= Navy Enlisted Classification =

Classification system of the US Navy

The Navy Enlisted Classification (NEC) system supplements the rating designators for enlisted members of the United States Navy. A naval rating and NEC designator are similar to the military occupational specialty (MOS) designators used in the U.S. Army and U.S. Marine Corps and the Air Force Specialty Code (AFSC) used in the U.S. Air Force and the U.S. Space Force.

The U.S. Navy has several ratings or job specialties for its enlisted members. An enlisted member is known by the enlisted rating, for example a Machinist's Mate (MM), or by the enlisted rate, for example Petty Officer First Class (PO1). Often Navy enlisted members are addressed by a combination of rating and rate; in this example, this Machinist's Mate Petty Officer First Class may be addressed as Machinist's Mate 1st Class (MM1).

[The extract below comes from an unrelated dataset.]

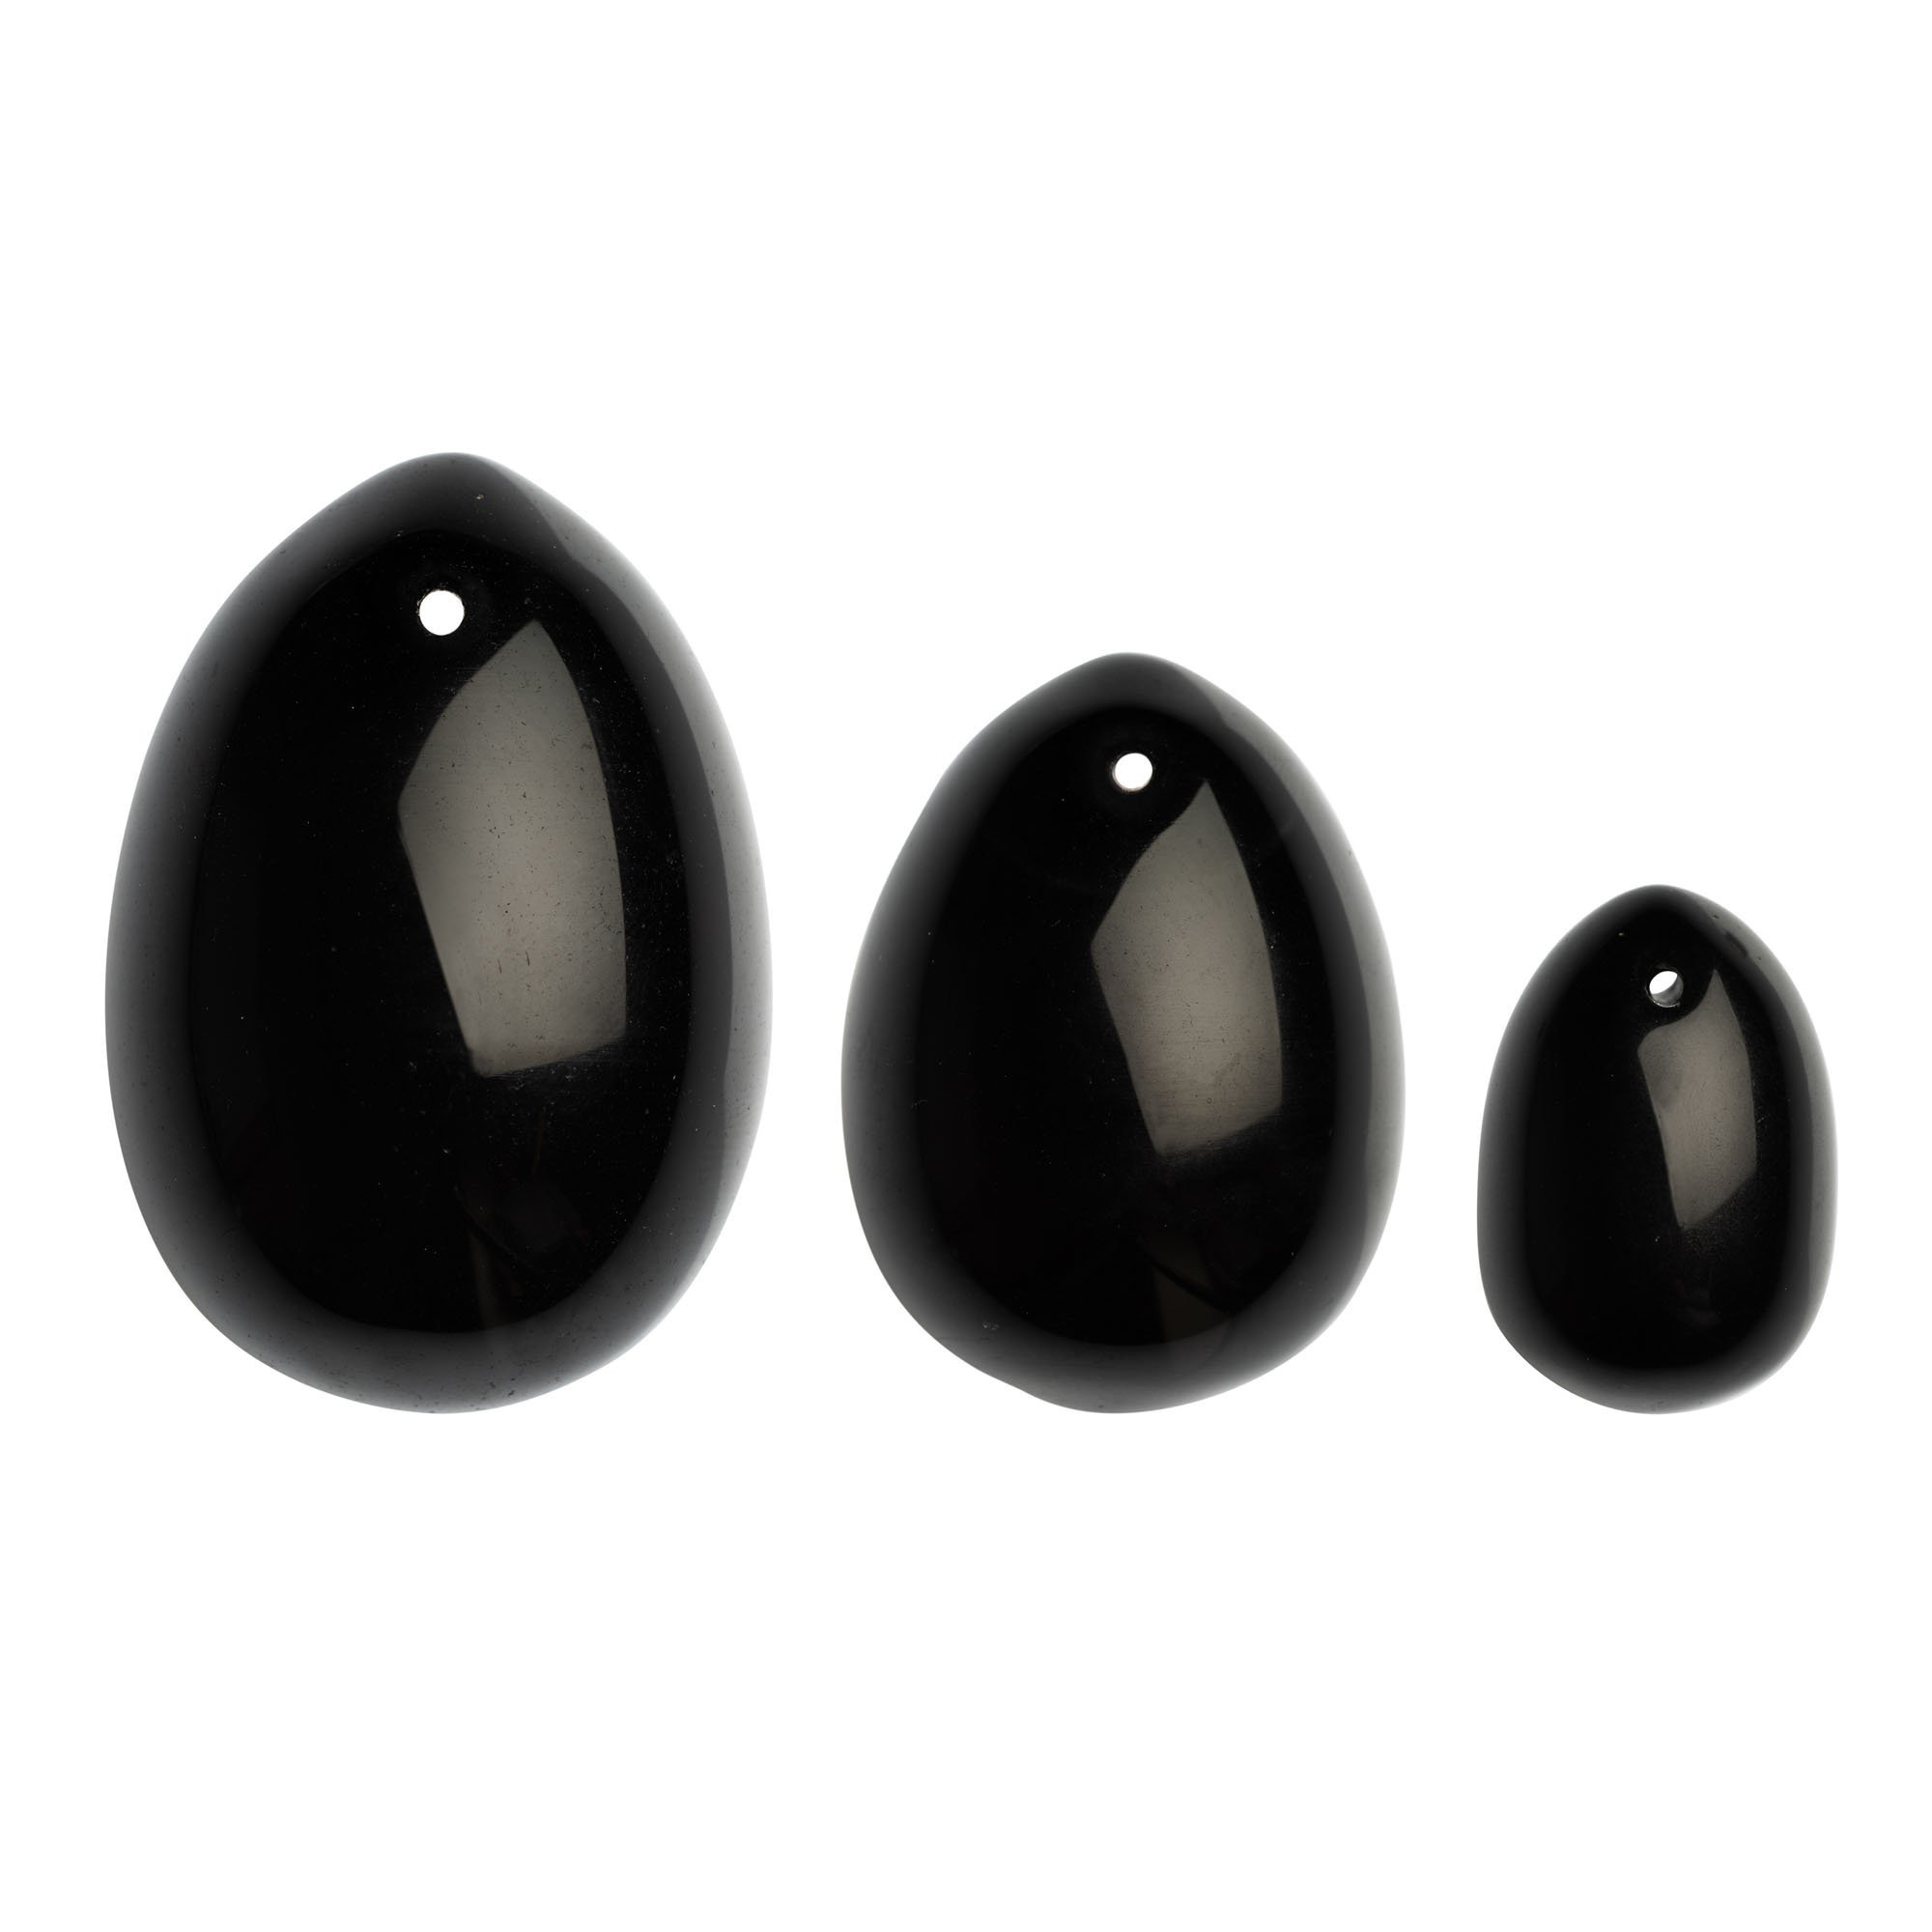 Vaginalinių kiaušinėlių rinkinys „Black Obsidian Yoni Eggs“ - La Gemmes

However, the NEC designator is a four-digit code that identifies skills and abilities beyond the standard (or outward) rating designator. According to Military Personnel Manual (MILSPERMAN) 1221-010, the NEC designator facilitates personnel planning, procurement, and selection for training; development of training requirements; promotion, distribution, assignment and the orderly call to active duty of inactive duty personnel in times of national emergency or mobilization.

For example, a person holding the NEC "MM-3385" is a nuclear-trained Machinist's Mate for surface ships, and a person with the NEC "MM-3355" is a nuclear-trained Machinist's Mate for submarines.

For the U.S. Navy's officer ranks, the Naval Officer Designator serves a similar purpose.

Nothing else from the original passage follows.